Top of Records to process

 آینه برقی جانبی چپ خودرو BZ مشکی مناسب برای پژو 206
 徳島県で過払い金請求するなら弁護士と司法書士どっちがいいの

Bottom of Records to process
Top of Records to process

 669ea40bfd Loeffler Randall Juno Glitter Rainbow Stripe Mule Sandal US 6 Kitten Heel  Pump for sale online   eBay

Bottom of Records to process

Problem to work on: Within the listing above, extract exactly the lines from the line with "آینه برقی جانبی" to the line with "徳島県で過払い金請求するなら弁護士と司法書士どっちがいいの", the two named lines included, and no others.

Output below:
 آینه برقی جانبی چپ خودرو BZ مشکی مناسب برای پژو 206
 徳島県で過払い金請求するなら弁護士と司法書士どっちがいいの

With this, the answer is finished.